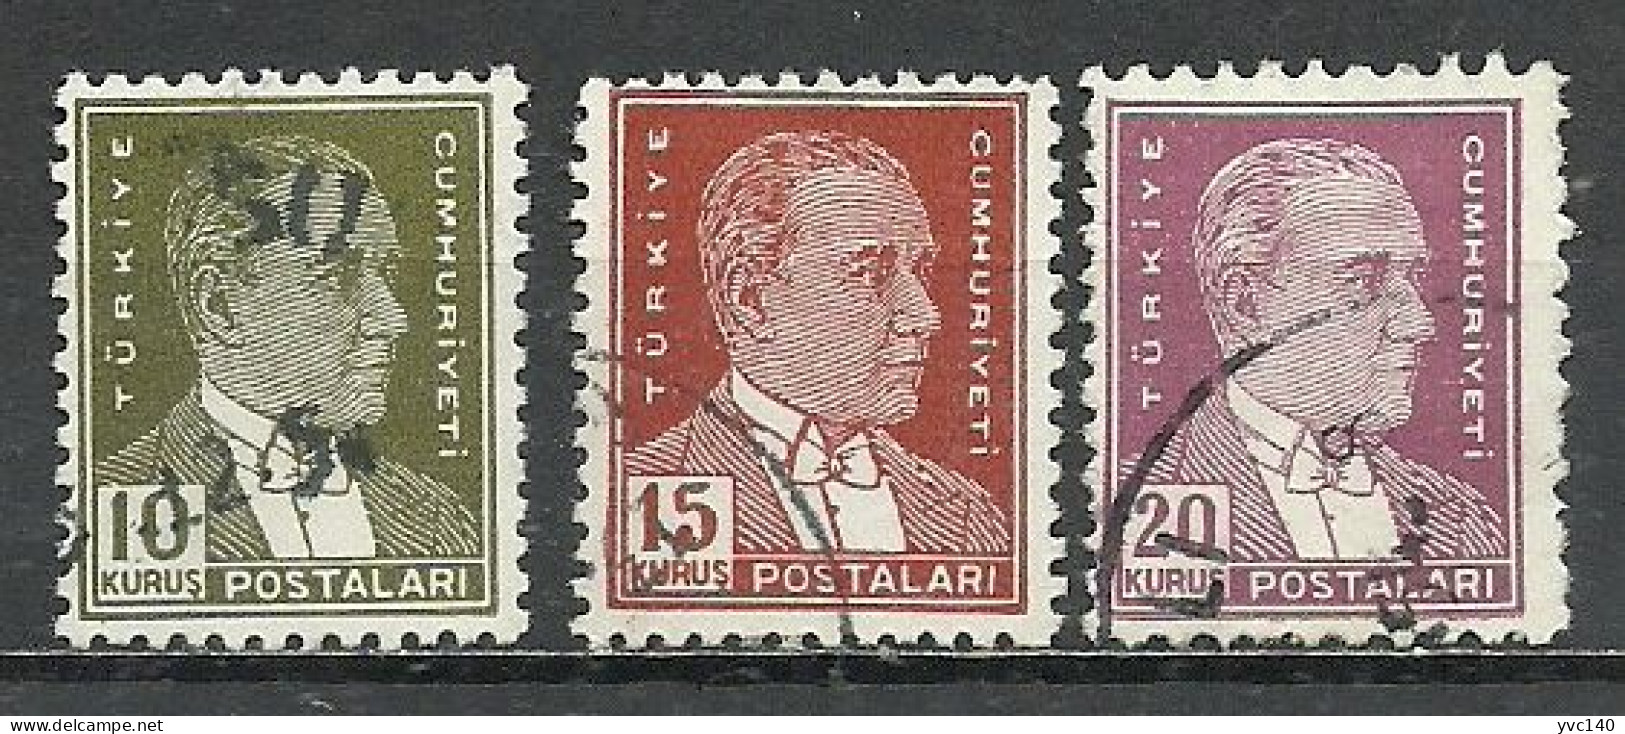 Turkey; 1953 8th Ataturk Issue Stamps - Used Stamps
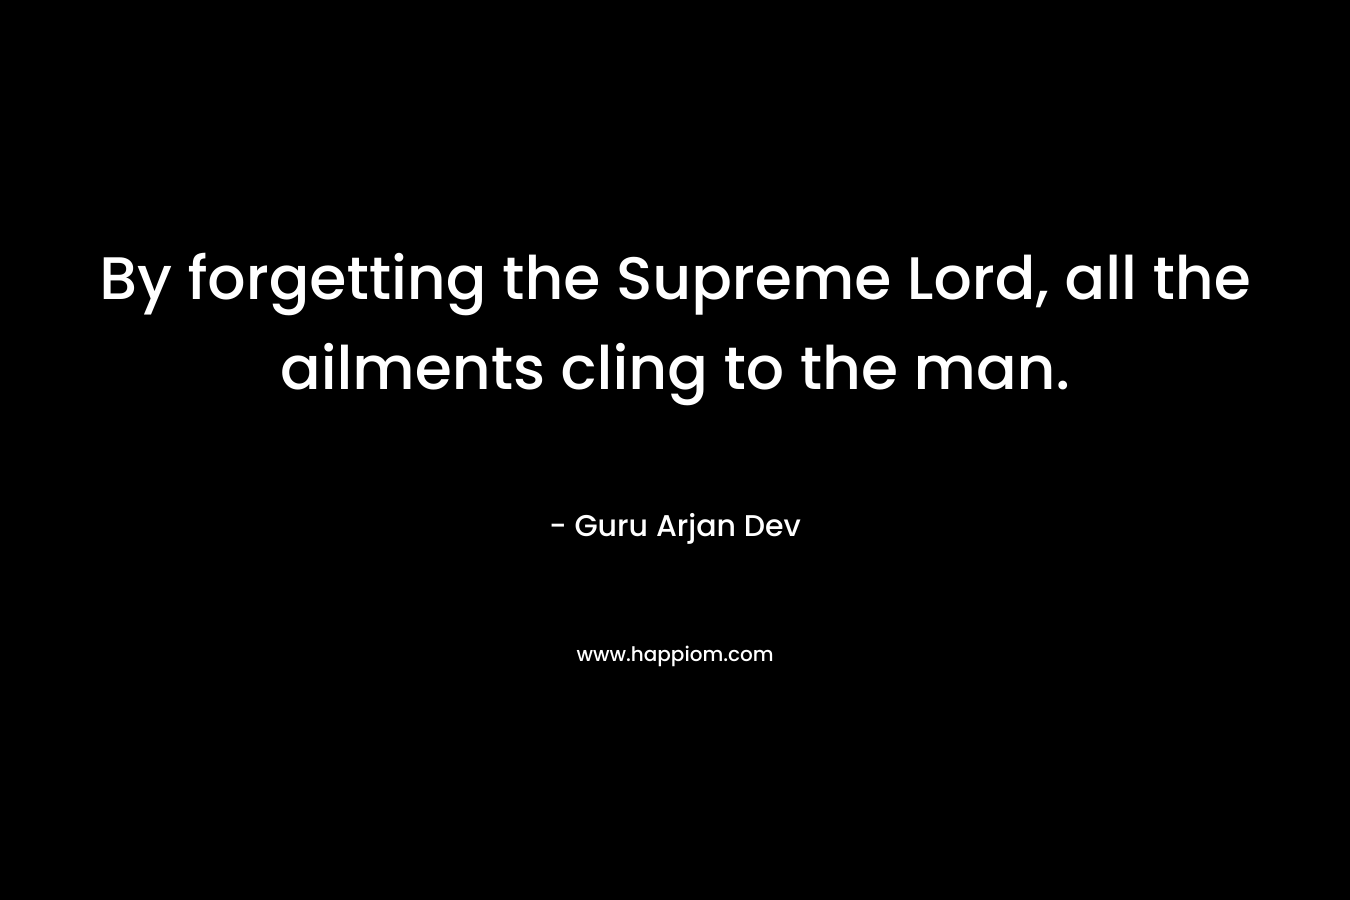 By forgetting the Supreme Lord, all the ailments cling to the man.
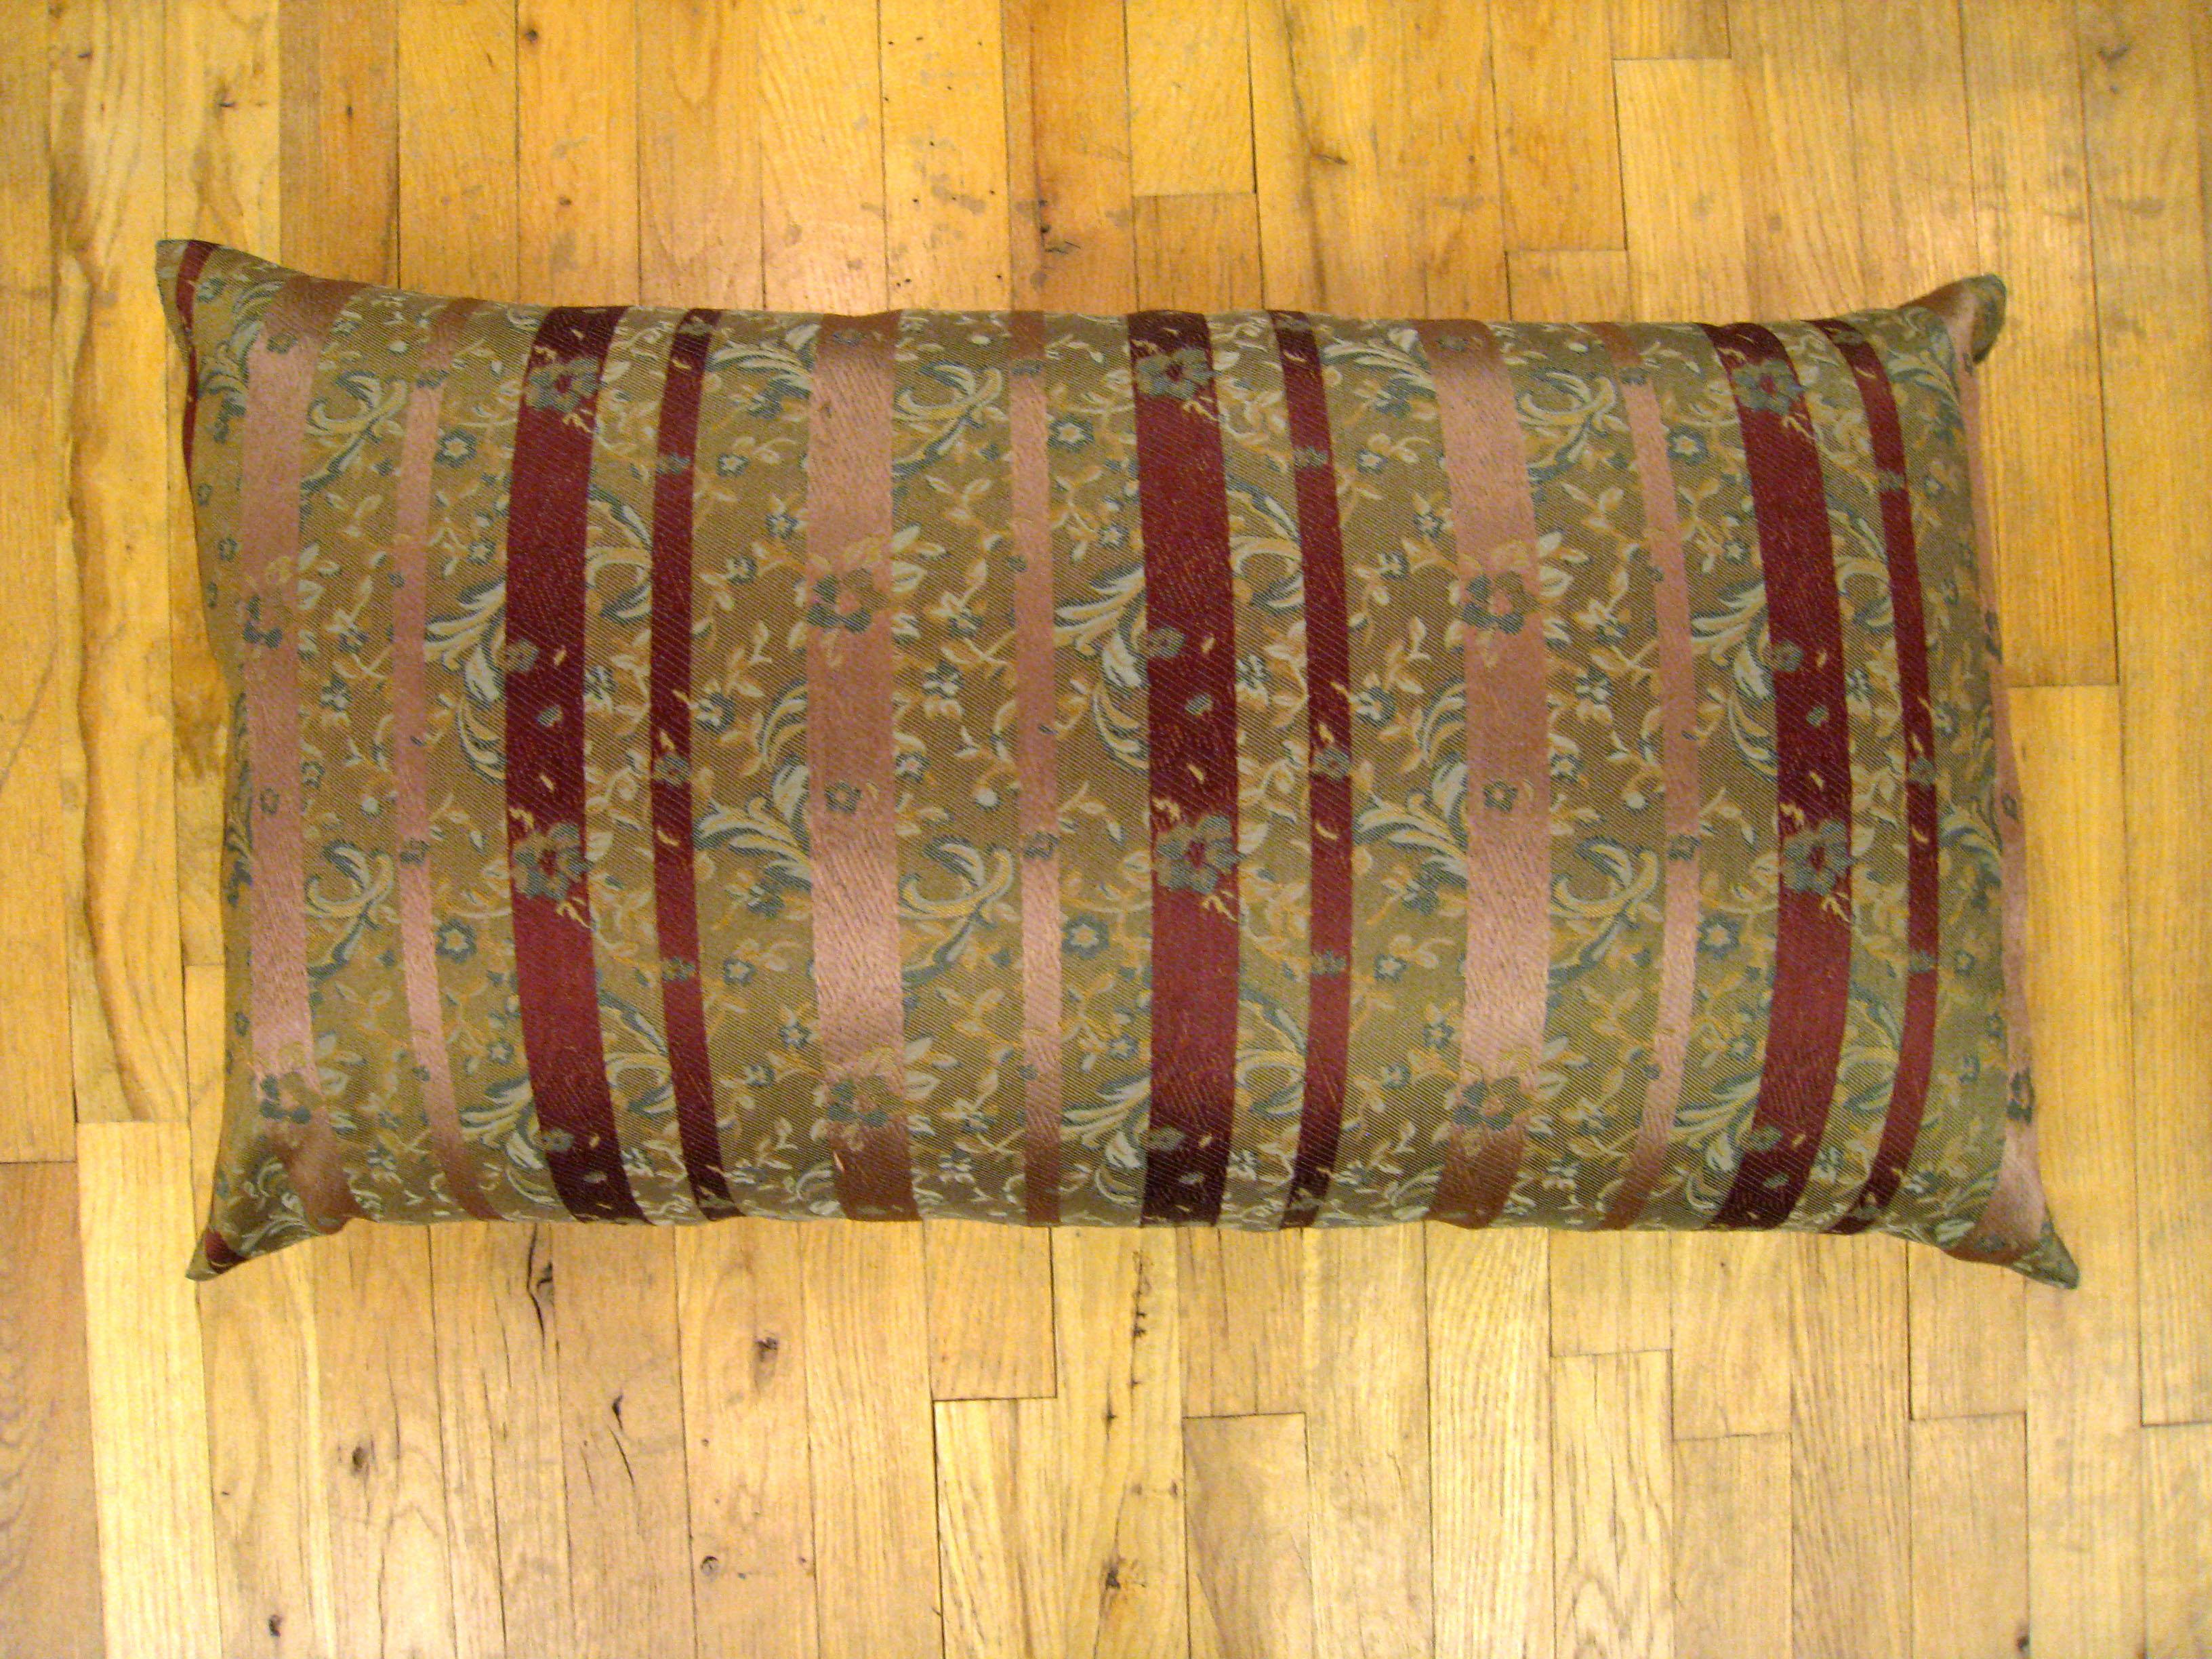 Pair of Large Decorative Satin Pillows w/ Vintage Striped Brocade on Both Sides For Sale 2
-.-.-
◆ **ASSIGNED TASK**
Every line above is to be duplicated exactly; no picture should be carried over.

◆ **ANSWER SECTION**
 Turkey; 1953 8th Ataturk Issue Stamps - Used Stamps
 By forgetting the Supreme Lord, all the ailments cling to the man.
 Pair of Large Decorative Satin Pillows w/ Vintage Striped Brocade on Both Sides For Sale 2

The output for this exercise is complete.